Teeth, like all epithelial appendages, form via a sequential and reciprocal series of inductive signals transmitted between the epithelium and neural crest derived mesenchyme. Each tissue layer instructs the other to differentiate in a precisely determined manner leading to the formation of highly specialized structures, such as incisors, canines, premolars and molars. Each of these groups of teeth derives from different parts of the oral epithelium and, depending on the species, teeth can be formed from both endoderm and ectoderm or from ectoderm only [1, 2••].
Morphologically, tooth development commences with a thickening of the dental epithelium to form a structure known as the dental lamina (Figure 1). Within this band of thickened epithelium the cells start to proliferate and to invaginate in certain positions to form the placodes. After this fundamental step in development, further epithelial invagination and convolution form the bud, cap and bell stages of tooth morphogenesis (Figure 1). During these stages, the constant interplay of inductive signals between the epithelium and mesenchyme (i) gives rise to distinct anatomical and functional parts of the tooth and (ii) mediates the differentiation of the epithelium into enamel-secreting ameloblasts and that of the mesenchyme into dentin-secreting odontoblasts (Figure 1).

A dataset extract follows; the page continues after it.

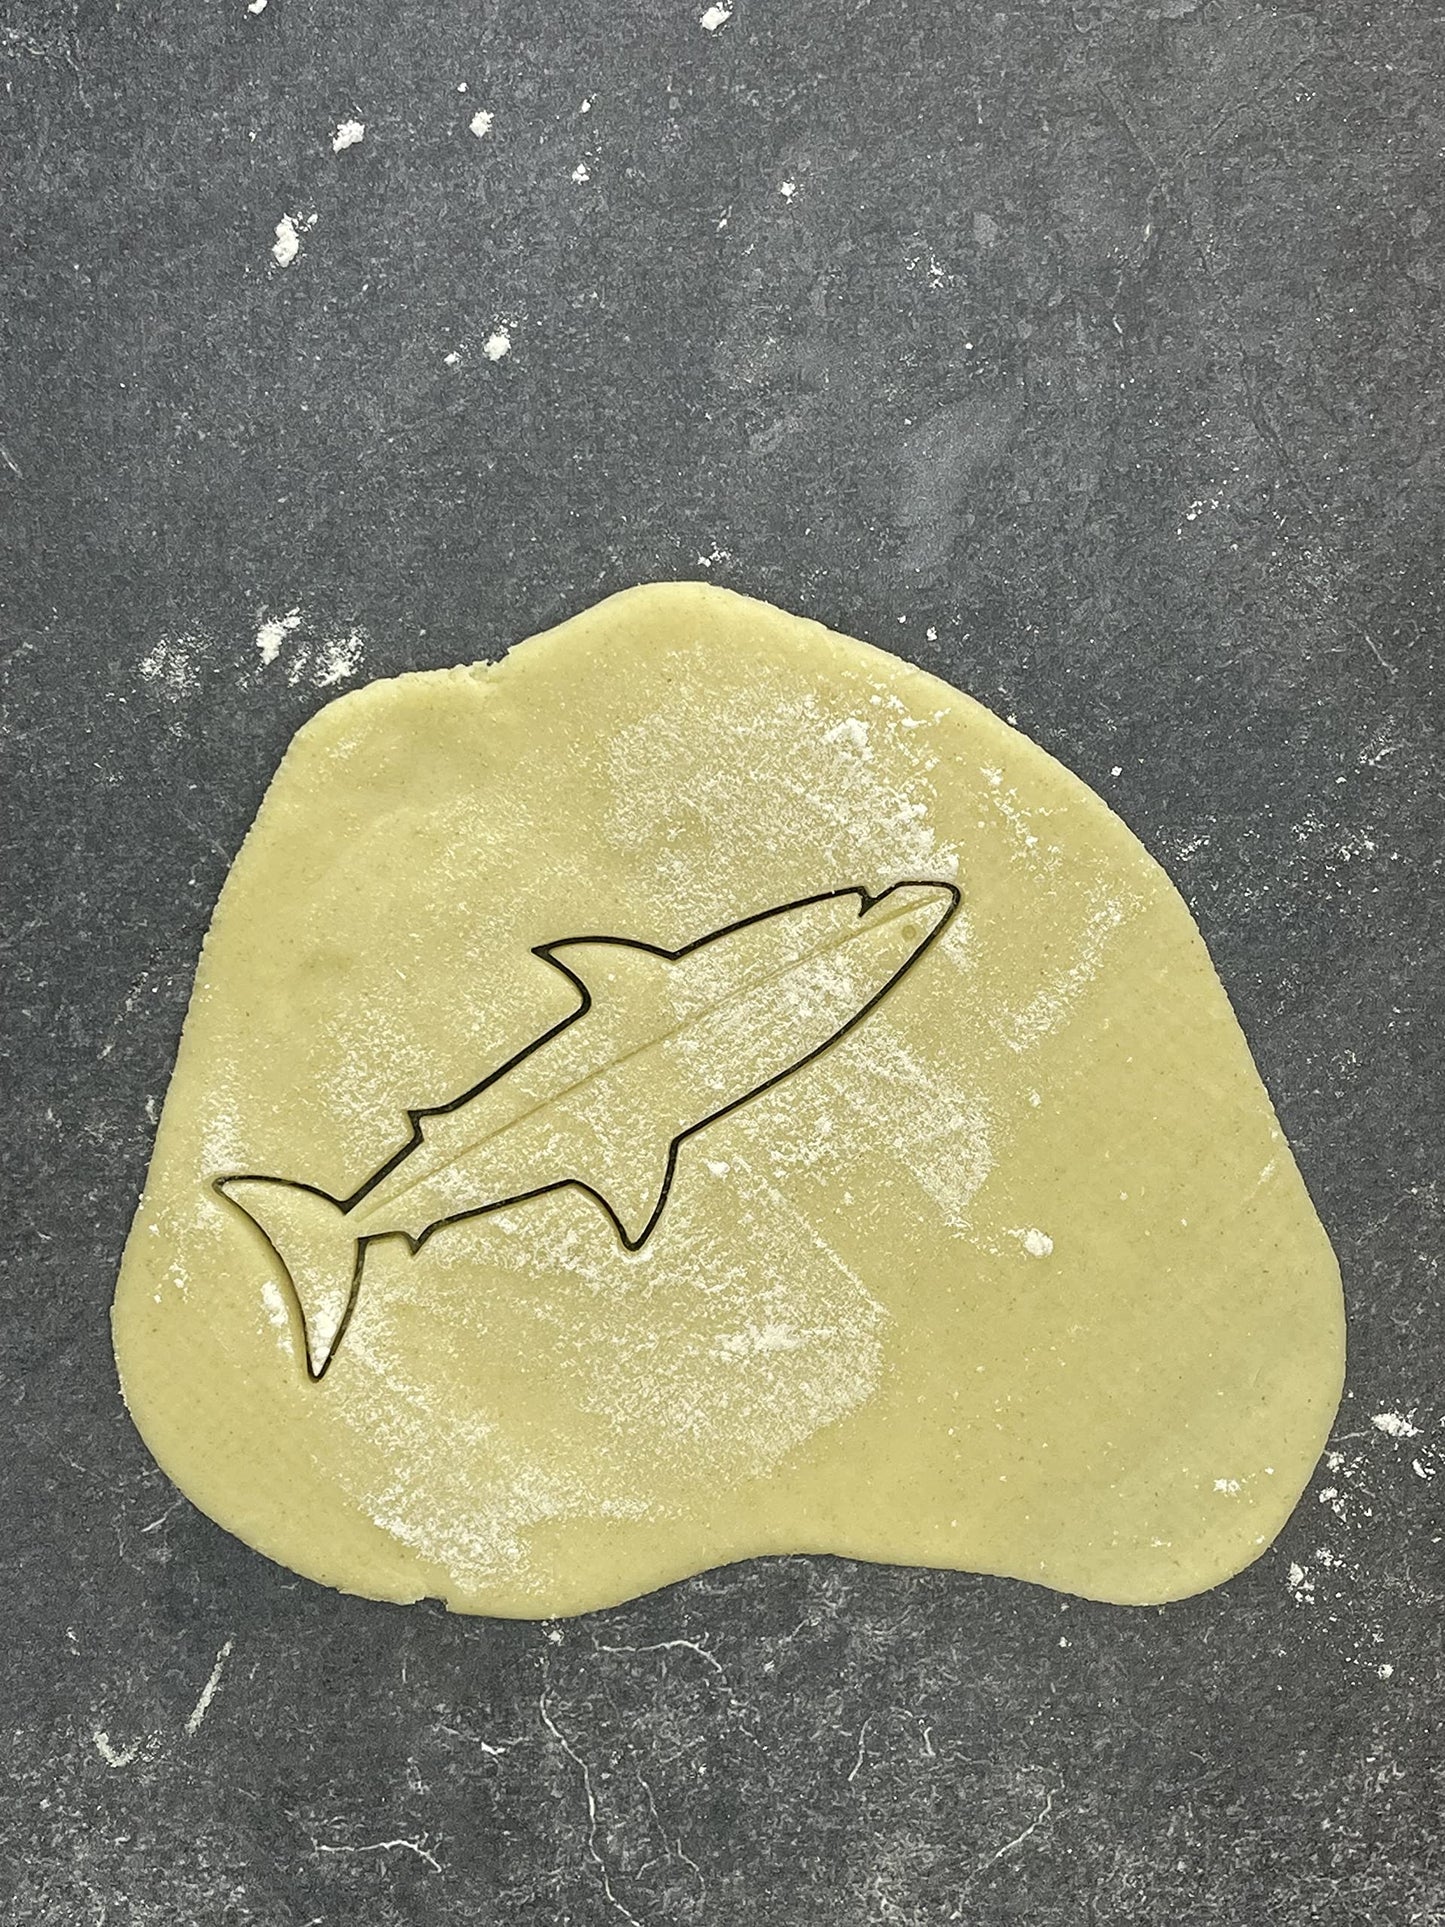 Emporte pièce Requin - Animal - pour la réalisaton de biscuit sablé, patisserie, pate à sucre -Décoration gateau-Fait maison- ELACE

Animal and human studies that employ the tools of contemporary molecular genetics have identified a number of genes that act at specific stages of tooth development and regulate its patterning and differentiation process (Figure 1; Tables 1–2; http://bite_it.helsinki.fi). The purpose of this review is to discuss in general terms some recent findings regarding genes and pathways that control tooth development and to provide new perspectives on the potential molecular mechanisms that coordinate the process of odontogenesis and tooth regeneration.
The conserved signaling pathways of BMP, FGF, SHH and WNT ligands and their receptors constitute the key pathways that are used reiteratively during tooth development and mediate the epithelial–mesenchymal interactions [3, 4]. Over the past 15 years, studies using transgenic animals provided functional data showing that, in most cases, disruption of genes that are part of these signaling pathways results in severe aberrations of tooth development, such as complete tooth agenesis or arrest of tooth development at early stages of development (the lamina or bud stage of development), leading to anodontia (lack of teeth) [reviewed in 5, 6•, 7, 8•; Tables 1–2 and Figure 1]. For example, conditional inactivation of FGF8 in the dental epithelium results in arrest of tooth development at the lamina stage. Over-expression of BMPR1a in transgenic mice, or functional inactivation of FGFR2b or SHH results in arrest of tooth development at the bud stage [reviewed in 4, 5].
Recently, however, it was realized that the inhibitors of these signaling pathways also contribute to control tooth development. In most cases, when the inhibitors or mediators of these signaling pathways are perturbed, more teeth are formed with abnormal shape, ameloblast or odontoblast differentation defects and reduced matrix deposition [9, 10, 11, 12, 13•, 14••; reviewed in 8, Tables 1–2].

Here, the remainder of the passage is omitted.